Exercise objective:
The required output is a verbatim transcription of the listing, pictures excluded.

Information provided:
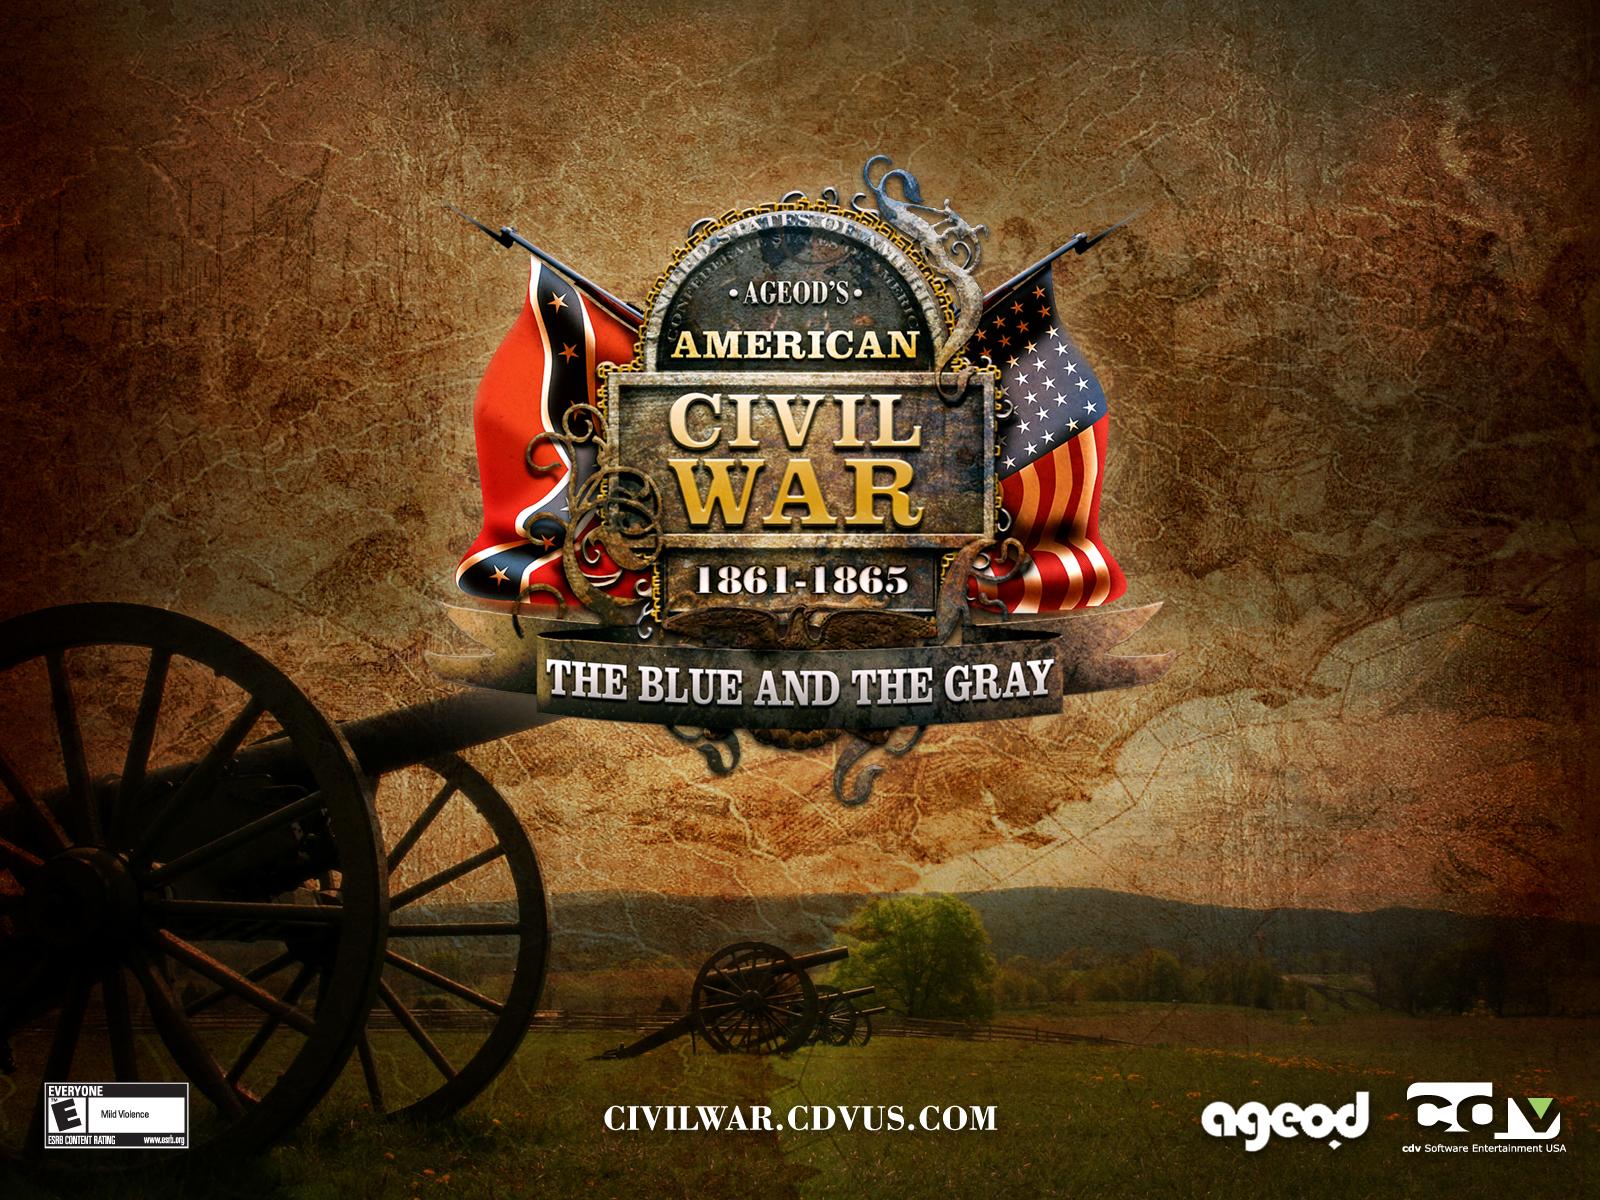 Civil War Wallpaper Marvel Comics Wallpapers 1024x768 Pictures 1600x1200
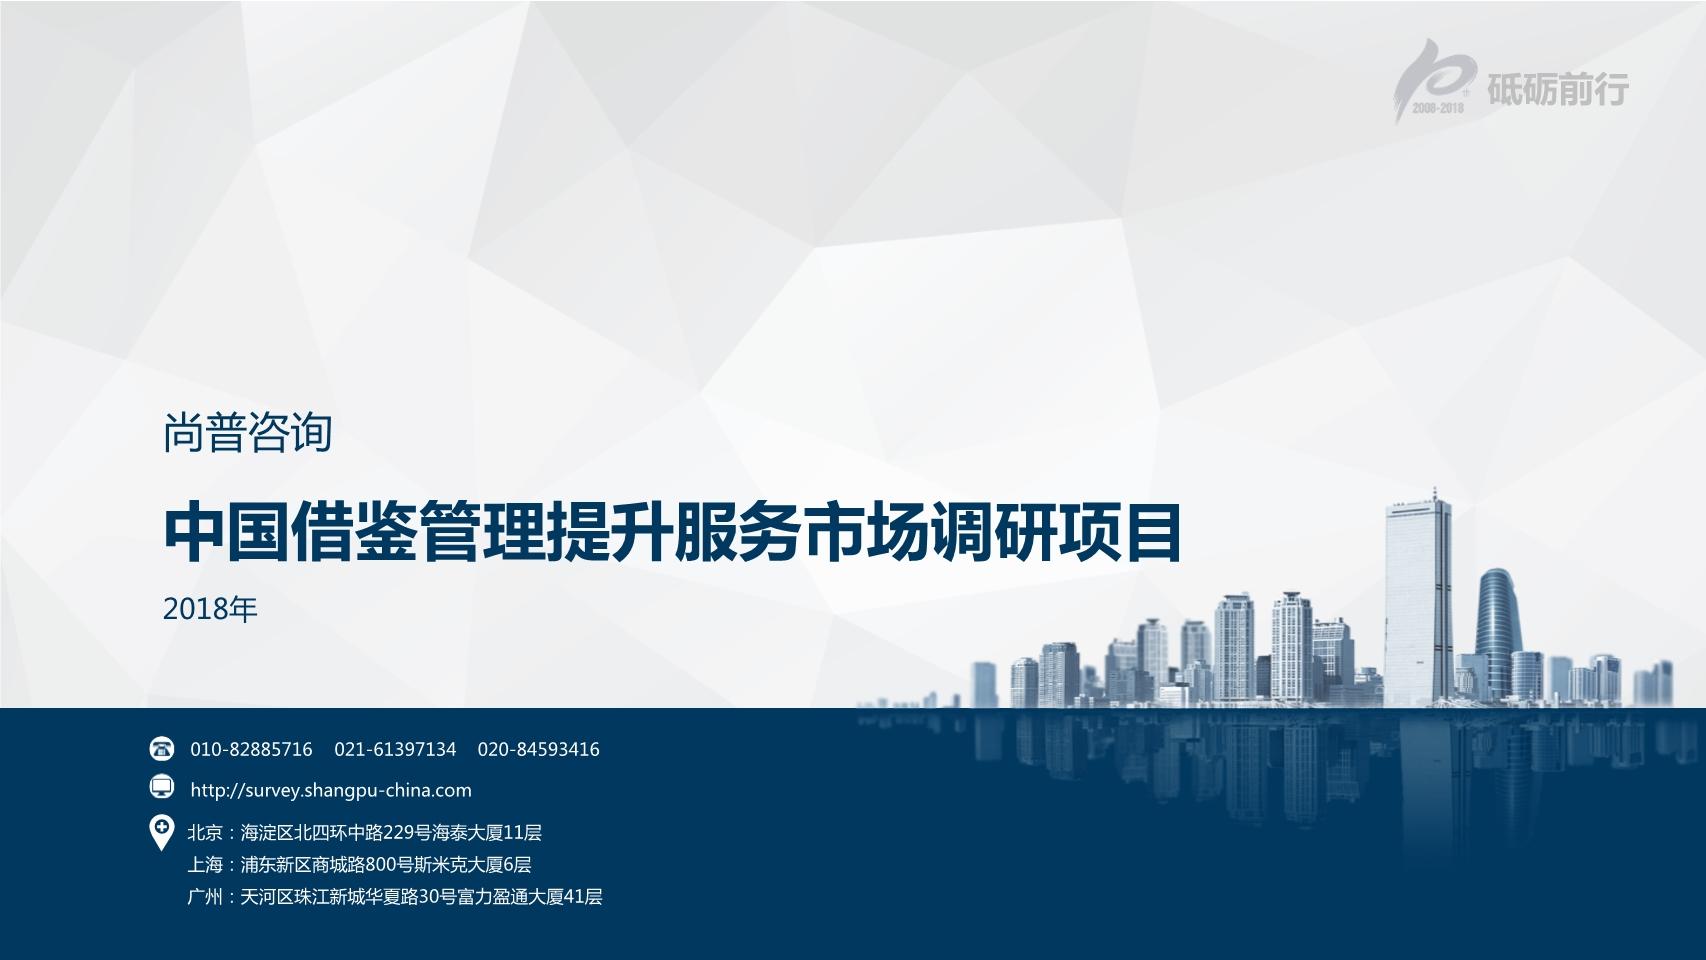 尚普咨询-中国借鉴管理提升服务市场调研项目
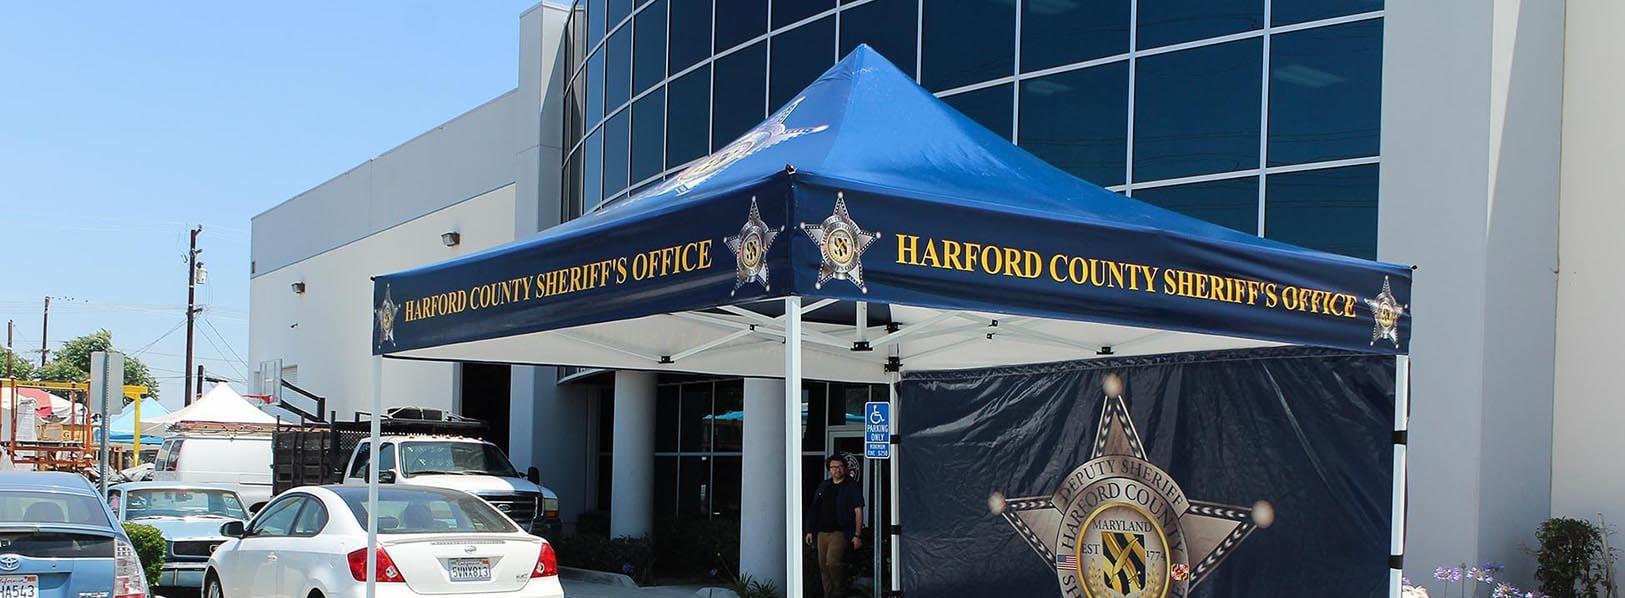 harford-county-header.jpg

Answer to this exercise:
 Civil War Wallpaper Marvel Comics Wallpapers 1024x768 Pictures 1600x1200
 尚普咨询-中国借鉴管理提升服务市场调研项目
 harford-county-header.jpg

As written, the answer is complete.